Лучше всего мне запомнились праздники, потому что только в эти дни я покидала Кумари Гхар. Самым большим праздником был Дасан, конец лета. На восемь дней город окрашивался в красный цвет. В последнюю ночь я лежала без сна, слушая, как голоса на площади сливаются в единый гул, такой, каким представлялся мне шум моря. Голоса мужчин, играющих на удачу с Лакшми, богиней счастья. Так же играли мои отец и дяди в последнюю ночь Дасана. Помнится, я сошла вниз и потребовала ответа, по какому случаю такое веселье, а они оторвались от своих карт и просто расхохотались. Я думала, во всем мире нет столько монет, сколько их валялось на столе в ту ночь, но и это было ничто по сравнению с восьмой ночью Дасана в Катманду. Улыбчивая кумарими рассказала мне, что иные жрецы целый год потом отрабатывают проигранное. Затем настал девятый день, великий день, и я выплыла из своего дворца, чтобы город поклонился мне.

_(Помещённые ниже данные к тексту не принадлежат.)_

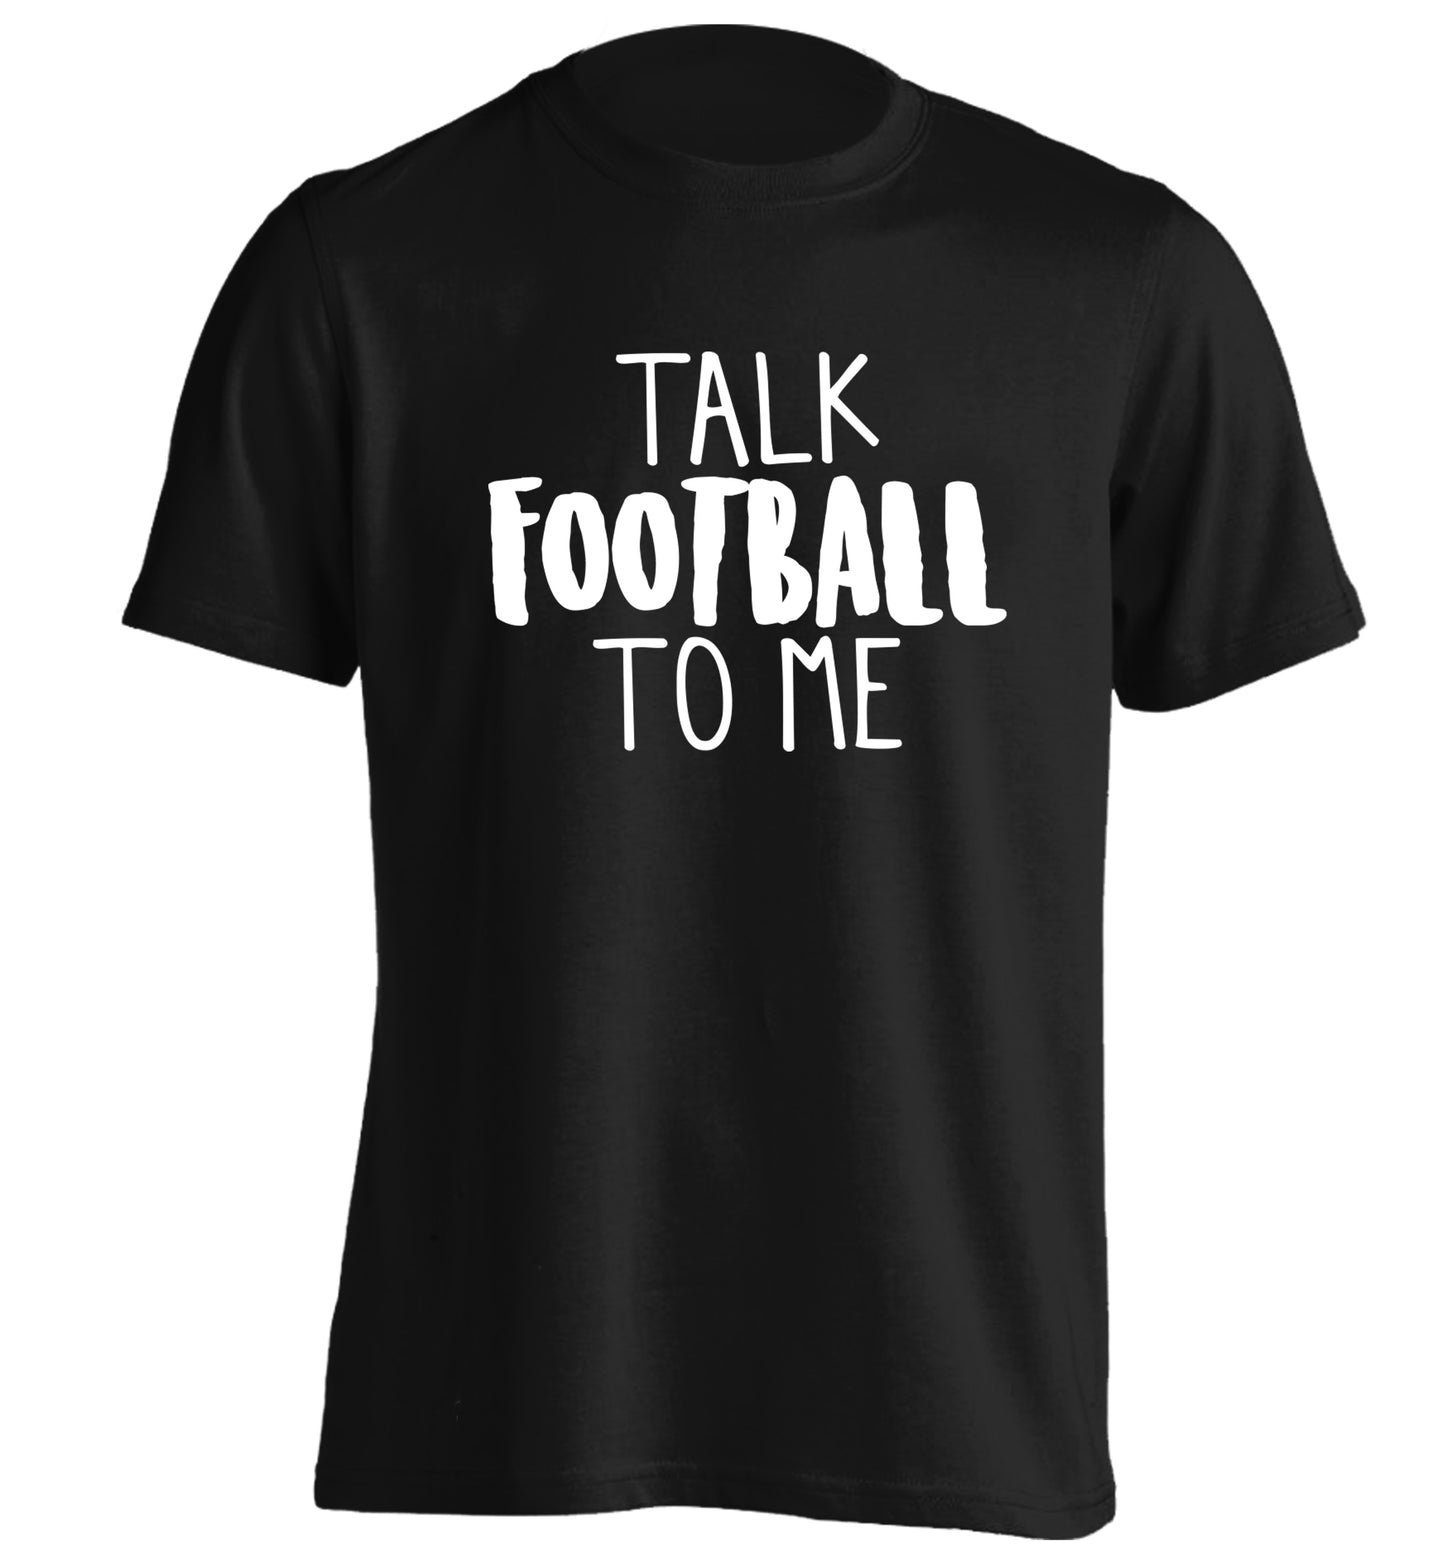 Talk football to me adults unisexblack Tshirt 2XL
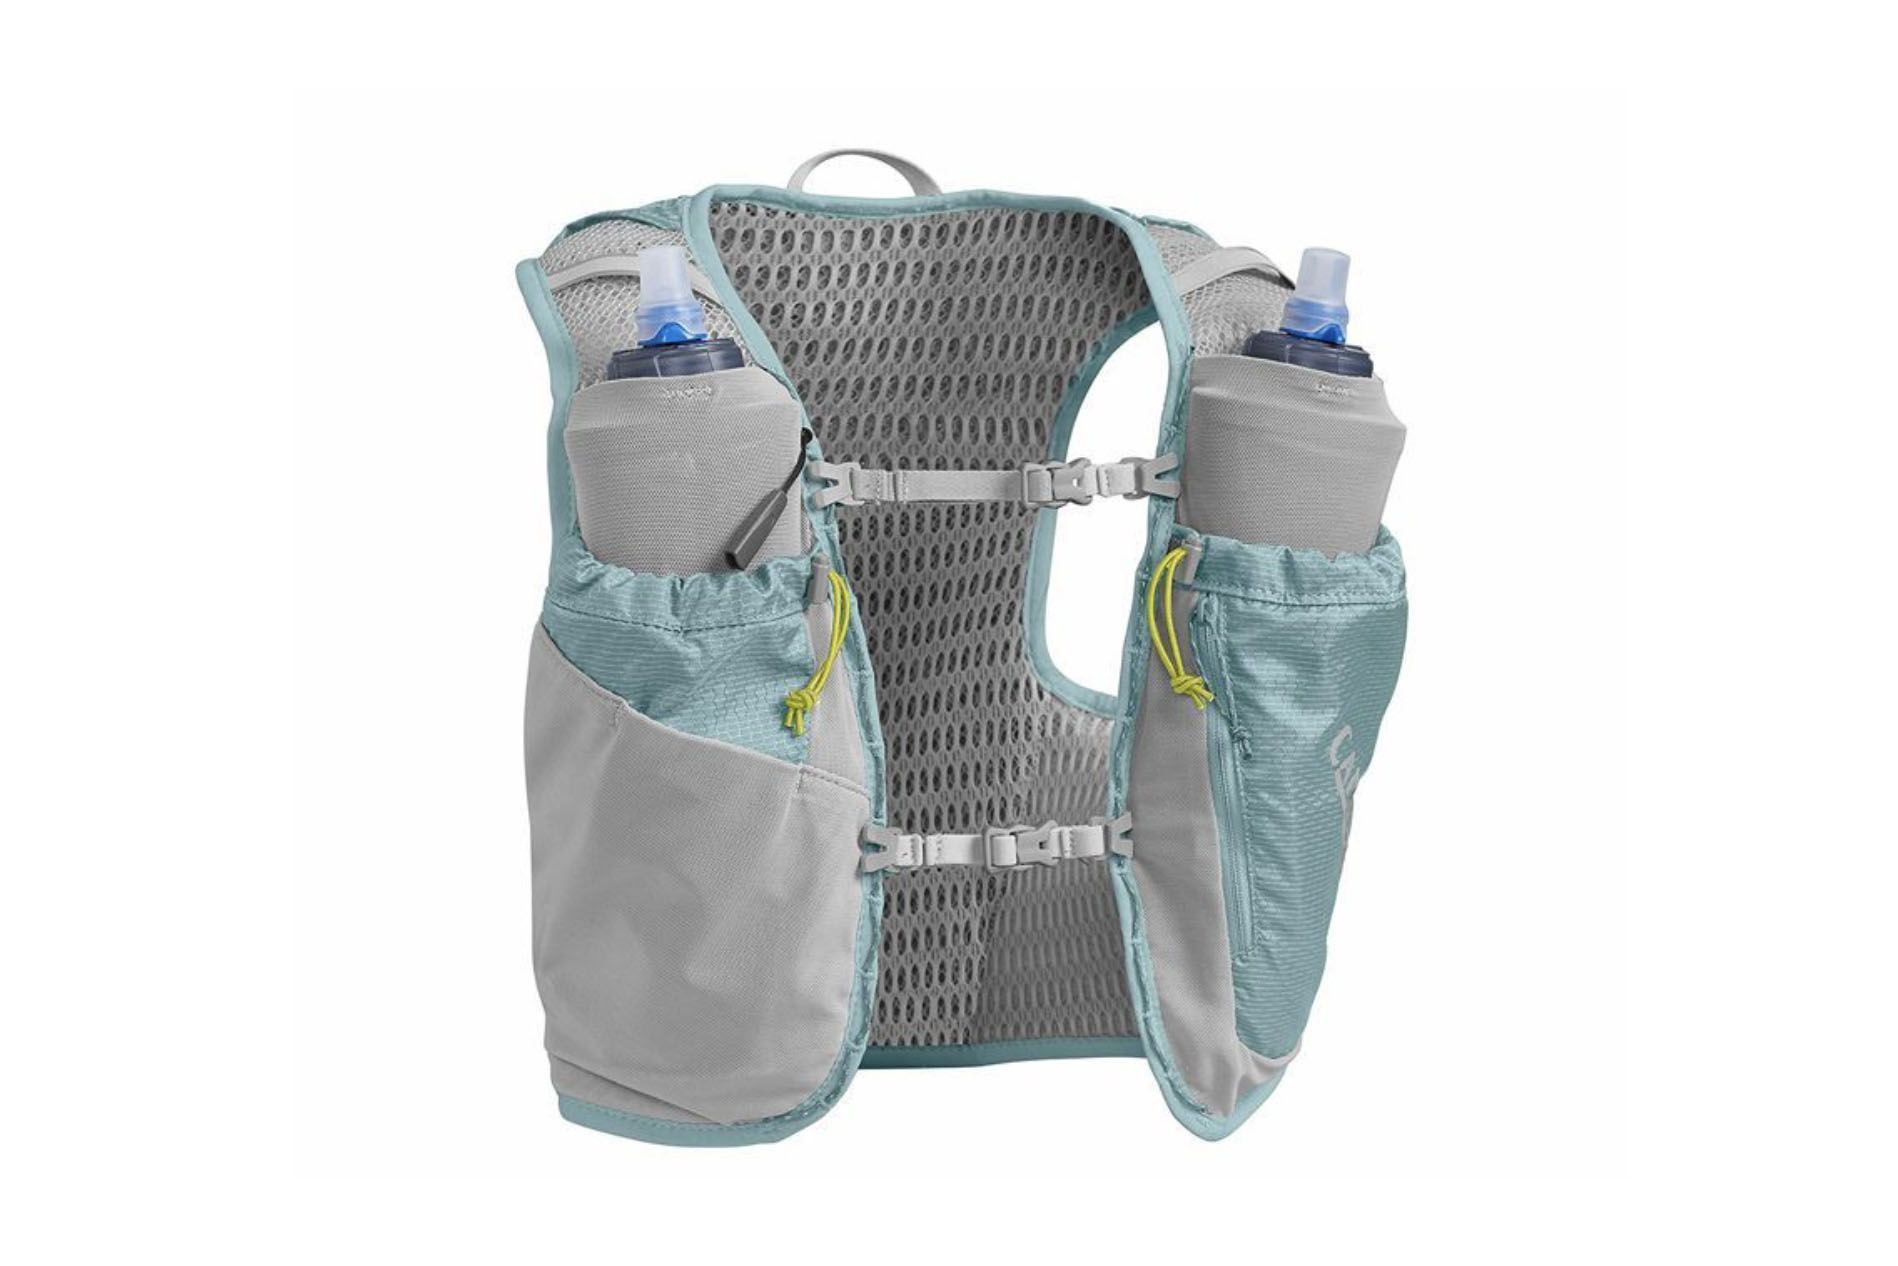 Triwonder Hydration Pack Backpack 5L Lightweight Deluxe Marathoner Running Race Hydration Vest

Сорок мужчин несли меня на носилках, привязанных к бамбуковым стволам, не тоньше меня в обхвате. Они шли осторожно, нащупывая каждый шаг, словно улицы стали вдруг скользкими. Я, в окружении богов, жрецов и очумевших от святости садху, восседала на золотом троне. Ближе всего ко мне шли мои кумарими, мои матери, такие нарядные в красных платьях и головных платках, с лицами, раскрашенными так, что они вовсе не напоминали людей. Но голос высокой кумарими и улыбка улыбчивой кумарими заверяли меня, что я вместе с Хануманом и Таледжу продвигаюсь сквозь приветственные крики и музыку и знамена, яркие на фоне синего неба, и запах, знакомый мне с той ночи, когда я стала богиней, — запах крови.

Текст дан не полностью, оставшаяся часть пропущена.